# 10 gal planted



## supaoopa (Sep 1, 2005)

Here's a few pics of my 10 gal from this past year from oldest to most recent. 




























most recent pic. Sorry for the over exposure. 










shot of one of the new plants that just went in.


----------



## fish_doc (Jan 31, 2005)

Another nice tank. Your going to have to help us all out with live plants. Looks like you got a knack for not only setting them up but keeping them alive and thriving.


----------



## fishfreaks (Jan 19, 2005)

Wow, that's amazing! How long have you been in the hobby?


----------



## supaoopa (Sep 1, 2005)

fishfreaks said:


> Wow, that's amazing! How long have you been in the hobby?

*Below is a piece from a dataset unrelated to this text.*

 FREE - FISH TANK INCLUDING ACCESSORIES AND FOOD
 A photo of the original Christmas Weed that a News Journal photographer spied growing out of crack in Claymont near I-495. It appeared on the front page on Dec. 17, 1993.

Well I only just started keeping my own tanks almost a year ago. I started with the 29 gal back in sep. '04 and the most recent (10 gal) back in feb. '05.

Thanks again for the kind words.


----------



## shev (Jan 18, 2005)

looks great, what kind of moss is that? najas, mini, christmas, taiwan, java? or maybe all of those are the same thing, well whatever it is I want some.


----------



## mlefev (Apr 19, 2005)

Wow, that sure is pretty. I just have a bunch of anarchis in my tank, and its growing like crazy. Apparently I have the right water paramaters to make plants grow faster than naturally possible, but I can't find plants at any of my stores to put in the tank. They don't have anything, and it's quite depressing. Congrats on the great job!


----------



## Fish Friend (Sep 10, 2005)

that looks really really good !!!! i have a 10g but its pretty crap disigned lol


----------



## JandaSeve (Jan 18, 2005)

That is one awsome 10 gal!


----------



## Hamm35924 (Jun 13, 2005)

:shock: wow! thats so pretty, i just set up a 10 gallon that i thought looked pretty snazzy with plants, but it's really nothing compared to yours!


----------



## Lydia (Feb 6, 2005)

that looks beautiful! You did a really good job on it! Now I'm inspired to aquascape mine better, lol.


----------



## Damon (Jan 18, 2005)

shev said:


> looks great, what kind of moss is that? najas, mini, christmas, taiwan, java? or maybe all of those are the same thing, well whatever it is I want some.


Looks like riccia.


----------



## supaoopa (Sep 1, 2005)

thanks for the compliments. 

shev: On the center drift wood the top half is taiwan moss, and the base is java moss. The small flat stump at the bottom right of the tank has riccia.


----------



## supaoopa (Sep 1, 2005)

update on tanks progress..


----------



## fishfreaks (Jan 19, 2005)

Looking great! :-D


----------



## micstarz (Oct 22, 2005)

I think it's just me but a newt would look great in there!

You have a designer in you!


----------